If teacher preparation programs allowed students to interact with the
real world problems before their first teaching profession, those teachers who
have an unrealistic perspective of education might choose a more appropriate
career before they damage these fragile children.
Reason Five: Connecting Salary to Test Performance
Basing teacher’s salary on test performance is counter-productive
because the students who are the most challenging to teach are housed in
schools that are the most likely to have the lowest scores and those scores are the less likely
to improve quickly. According
to the
Center
for Public Education, although
most states differ in their definition and approach to English Language
Learners (ELL), most agree that it takes at least six years for these students
to become proficient in English.
This means that they are not going to show significant growth in test
scores until their language skills to improve.
As a result, we are rewarding teachers for taking the easiest
jobs in the most affluent neighborhoods where parents are involved in their
student’s education and often pay for additional training beyond their
education in the school.
If
we are going to attract teachers to teach in challenging schools, we need to
pay them accordingly.
Reason Six: Time
Teachers are overwhelmed with the demands
foisted on schools by outside organizations and cost-saving methods leaving
little time to properly assist new recruits.

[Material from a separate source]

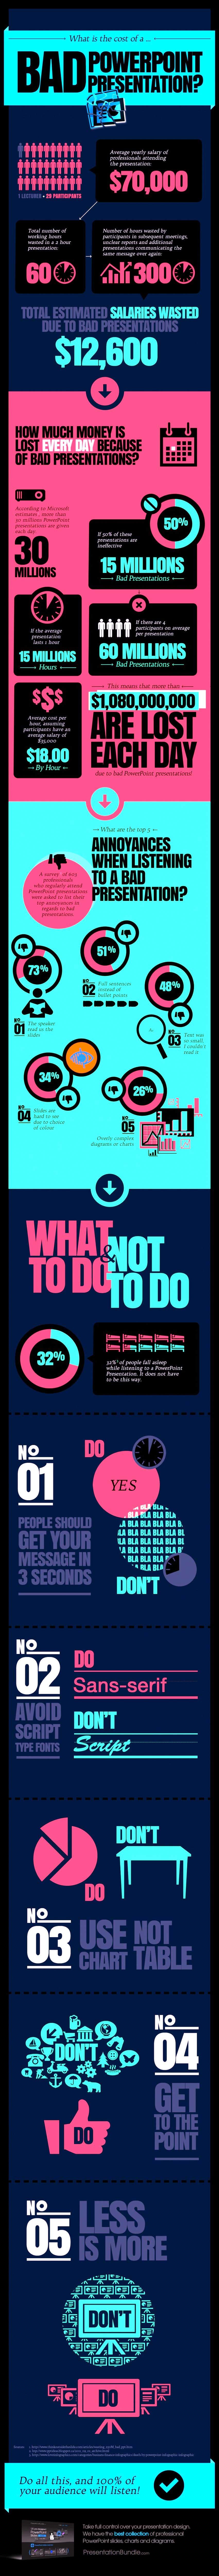 PowerPoint-Designer-Company

Teachers have been asked to employ new technologies, new teaching
methods and a new, demanding curriculum while many districts are taking
teachers’ consultation periods: thus, teaching more students with fewer
teachers and less insurance costs. Adding extra pressure to over-worked
teachers means all planning and correcting is done at home. As a result, an eight hour a day job becomes
a twelve to fifteen hour a day job. All
of this leave little time to properly supervise or mentor young recruits.